In Witt’s case, it took her seven years to get her husband’s wrongful death case to the Supreme Court, but in 2011, but the court declined to hear it, Stars and Stripes reported at the time.

Stayskal, along with his attorneys at the Tampa, Florida-based Whistleblower Law Firm, told Task & Purpose they intend to file a lawsuit in federal court this week, but due to the Feres Doctrine, his case will almost assuredly be barred, and then he and his lawyers will begin a long slog through the court system before they finally have a chance to petition the Supreme Court, like Witt, and Daniel.

The other way to change Feres — and possibly the best chance advocates and medical malpractice victims have at repealing the legal rule — is through Congress, in the form of a legislative fix to the Federal Tort Claims Act.

Currently, there’s a bill in the works, named after Stayskal, that aims to do just that by allowing victims of military medical malpractice to sue.

And for Stayskal, addressing Congress directly provides an opportunity to put a human face to his story, and those like him.

“They can see my face, and my wife’s face, and really take it in from there and see how this is very important to everybody in the military, and not even everybody in the military — to everybody,” Stayskal told Task & Purpose on Monday. “I have parents too and they don’t want to see their son wronged, they want me to get the same treatment they would get out in town.”

One of the challenges to garnering public and Congressional support to change Feres is that it’s not a problem that impacts a great number of people, Stayskal explained.

“I think it’s a small number that’s just forgotten about and that’s really easy, when you’re not a large mass,” he told Task & Purpose. “It’s one of those things where ‘if it doesn’t happen to you, what do you have to complain about,’ you know? It doesn’t affect you until the day it affects you.”

Because of the ordeal he’s been through, Stayskal testified that his faith in the military healthcare system has been shaken.

“I believe it violates the trust completely. When I signed up to do my job I was told ‘this is your job you will do this to the best of your abilities no questions asked,'” he said during the hearing. “I believed that when the DoD said they’d provide me adequate medical care to a standard, and they failed that portion. My trust is completely broken.”

Stayskal and his attorney’s said their hope is to see the Feres Doctrine changed so medical malpractice victims will have a chance to seek legal recourse, and see bad or negligent care providers held accountable.

“There’s this idea that changing Feres means there’s an insurmountable number of lawsuits against the government,” Daniel Maharaj, one of Stayskal’s attorneys with Whistleblower Law Firm, told Task & Purpose. “That’s not going to be the case and I think a closer look at this is going to show that, and over time this is going to correct the system and these issues from occurring because you don’t have the shield to go behind.”

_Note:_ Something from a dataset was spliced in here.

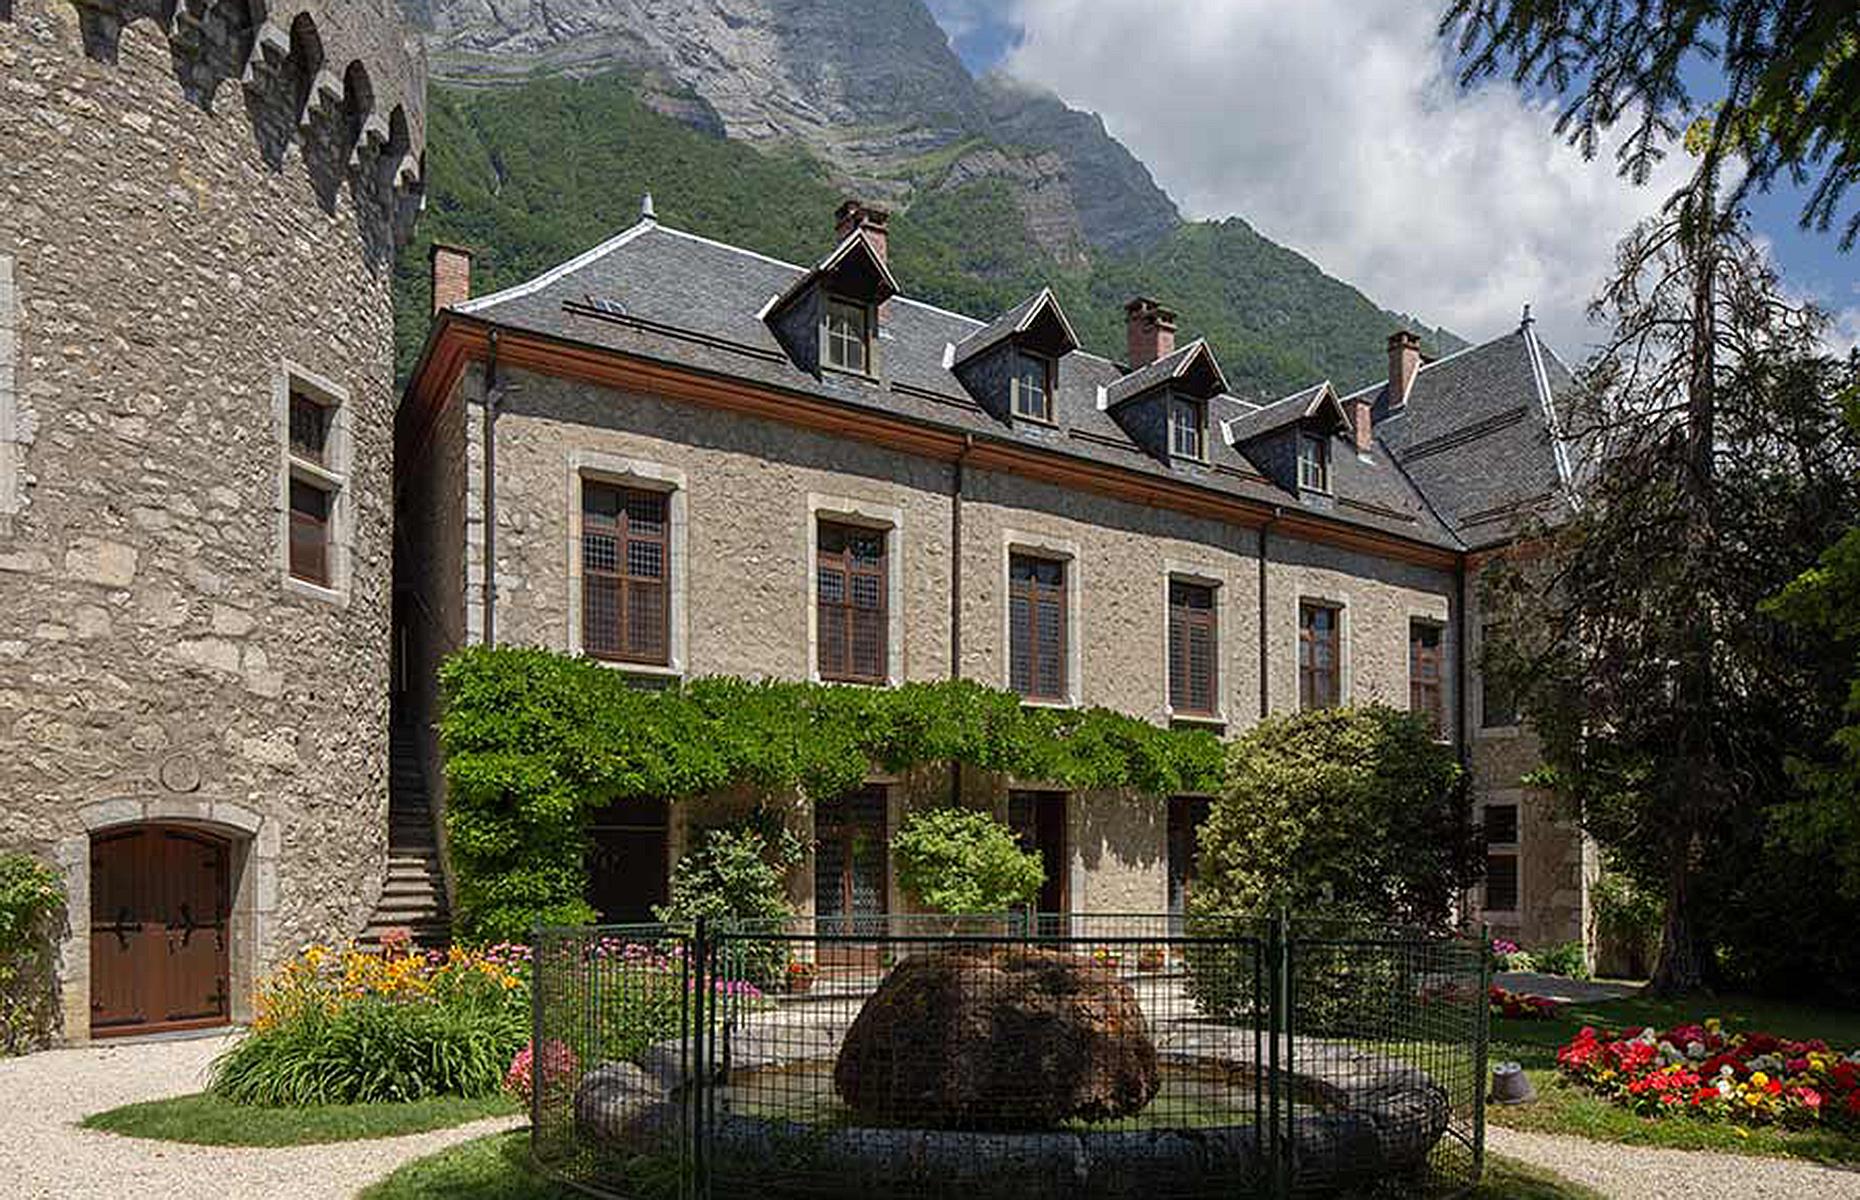 Medieval castle, Savoie, France: £2.2 million ($2.7m)

As for Stayskal’s wife, Megan, she said she wants lawmakers to put themselves in her husband’s place, and to consider how they’d feel if it was their family and their children who would be left without legal recourse, simply because their family member was in the military when a medical mistake was made.

“I’ve kind of thought about this, but never really said the words aloud, but I’d ask them to put themselves in his shoes,” Megan Stayskal told Task & Purpose. “What would they want to see if it was them. How would they think that justice should be served?”